Listening back, I’m not a huge fan of Ritual de lo Habitual - I love Been Caught Stealing, but the rest of that first side has a very similar sound. That’s okay, it’s just their sound and just like the very early Chili Peppers albums, it’s that almost jokey version of punk. I’m much more interested in the second side - where the songs go a bit more progressive rock.

Hit: Been Caught Stealing

Hidden Gem: Three Days

Rocks In The Attic #56: AC/C - ‘If You Want Blood - You’ve Got It’ (1978)

56 blogs in, and I’ve not even covered an album by the mighty ‘DC. Shocking!

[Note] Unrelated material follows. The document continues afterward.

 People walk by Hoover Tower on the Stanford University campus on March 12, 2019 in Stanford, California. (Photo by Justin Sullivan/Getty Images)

I remember when I first started listening to rock music - well, not even rock music, it was Aerosmith and nothing but Aerosmith at this point - my Dad brought home a stack of LPs that he’d borrowed from a friend for me to listen to. Amongst this pile was several AC/DC albums - all from their classic 1970s period.

This was the first time I had been subjected to AC/DC, and even before listening to them, I was in awe of the covers; and the one I remember being blown away the most by was this one - their first live album, recorded during the Powerage world tour. On the front cover, an out of focus shot of Angus Young impaling himself in the gut with his Gibson SG, with Bon Scott leering over his shoulder, holding onto his microphone. On the reverse, a similarly blurry shot of a now lifeless Young, lying face down with the headstock of his guitar poking through the back of his bloodied white school shirt. You can talk about classic album covers all day long, but this one is a real peach. In terms of a cover describing a band’s sound, this one really gets it down perfectly.

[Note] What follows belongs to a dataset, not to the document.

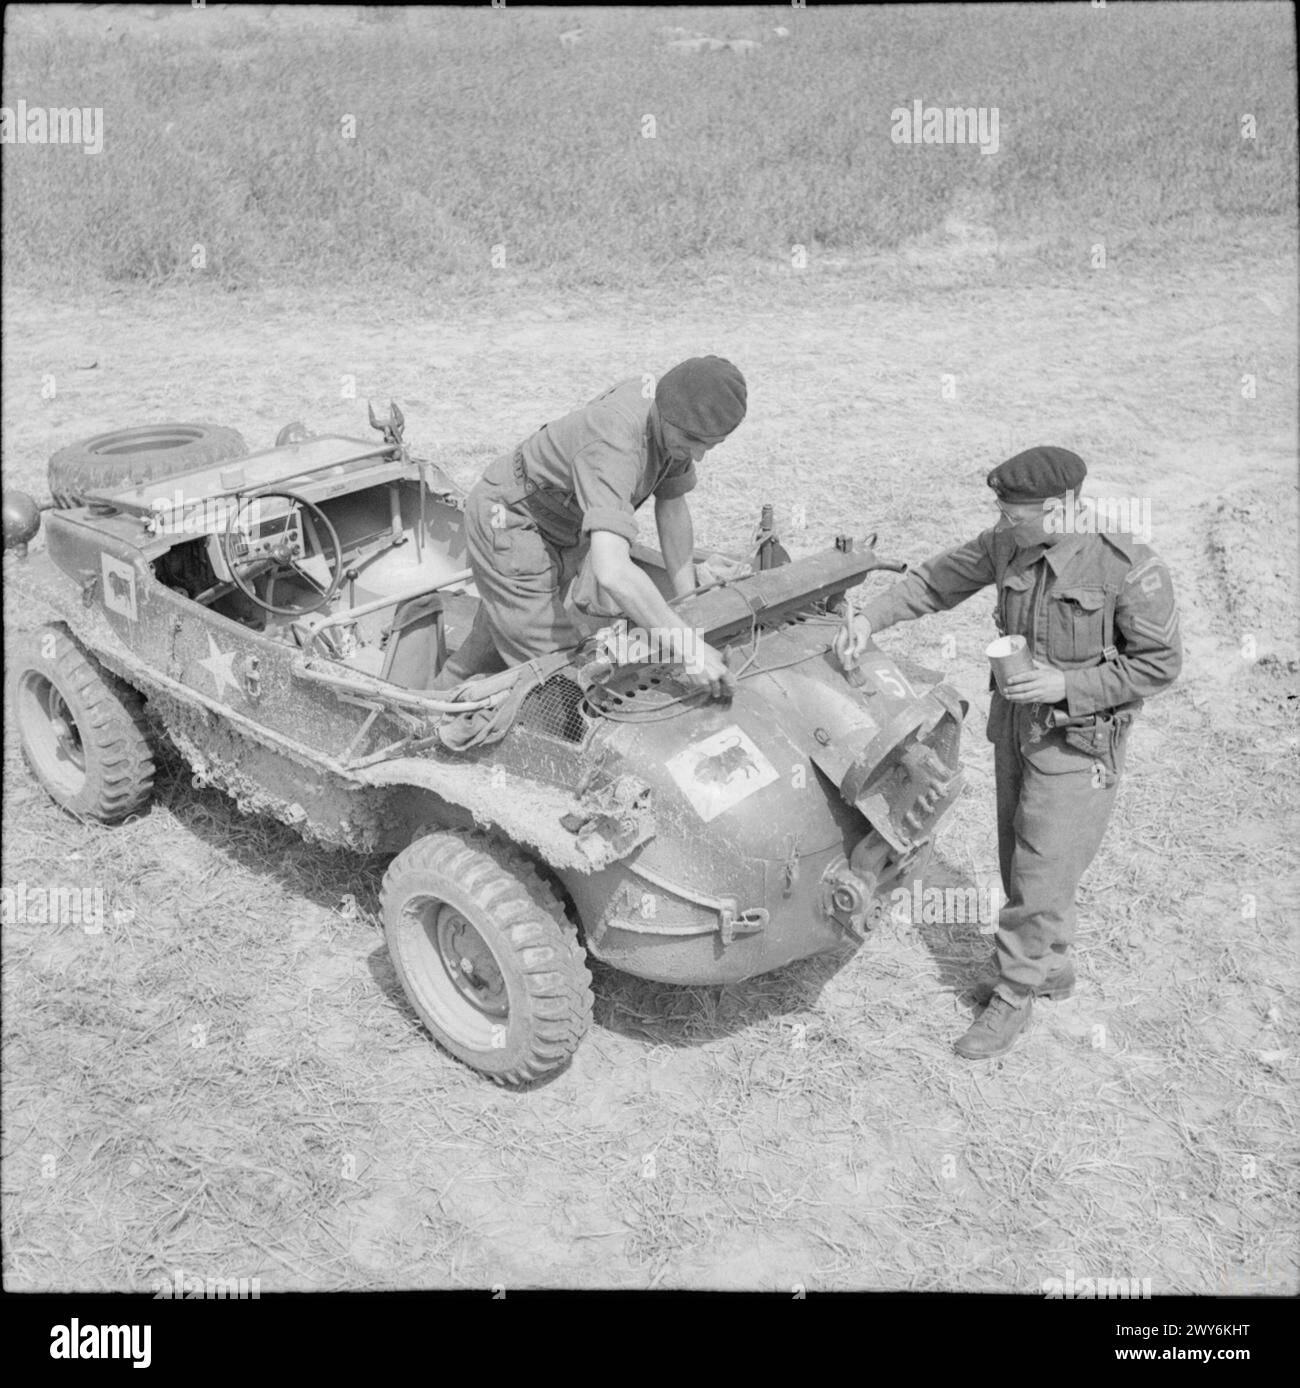 THE BRITISH ARMY IN NORMANDY 1944 - Men of 23rd Hussars, 11th Armoured Division, painting divisional and arm of service markings on a German Schwimmwagen captured from 12th SS Panzer Division (HitlerJugend), 6 July 1944. , British Army, 21st Hussars, British Army, 11th Armoured Division Stock Photo

As well as introducing me to AC/DC, this album also gave me a love of the song Riff Raff. Underrated and underplayed by the band, this is a real gem and used perfectly here as their show-opener. You know that guitar sound that comes out of the speakers after the first line of vocals in the song? That’s Young bending an entire open-D cord. Beautiful. I’ve broken many guitar strings doing this very trick.

It’s odd that AC/DC have never really been able to capture their live sound in the studio. They sound as good as anybody in the studio - especially from Powerage onwards - but recorded live they sound like a completely different band. That’s probably the reason they’ve never released a greatest hits record - their live records are their greatest hits.

Hit: Let There Be Rock

Hidden Gem: Riff Raff

Monday, June 4, 2012

Rocks In The Attic #55: Elastica - ‘Elastica’ (1995)

This is an odd little record. Fifteen songs breeze by in less than forty minutes. There’s one song over four minutes, a couple at the three minute mark, and then all the rest chalk up between one and two minutes. How punk is that?

I probably bought this album purely for Connection, and from the sticker inside the sleeve I seem to have bought it from the Vinyl Exchange on Oldham Street in Manchester for £12. Not bad considering that, as the Vinyl Exchange sticker proudly states, it’s in mint condition and comes with a free 12-page booklet and a flexi-disc.

The flexi-disc - a cover of Adam Ant’s Cleopatra is pretty good. Well, at least it doesn’t sound as bad as the flexi-discs you would get free in Look-In magazine in the 80s. There’s no surface noise and it plays just like a standard 7”.

This is a pretty good album - with plenty of catchy songs. At the end of the day though, you can never have enough albums with a photo of the band standing in front of a brick wall on the cover. It should be mandatory, for debut albums at least.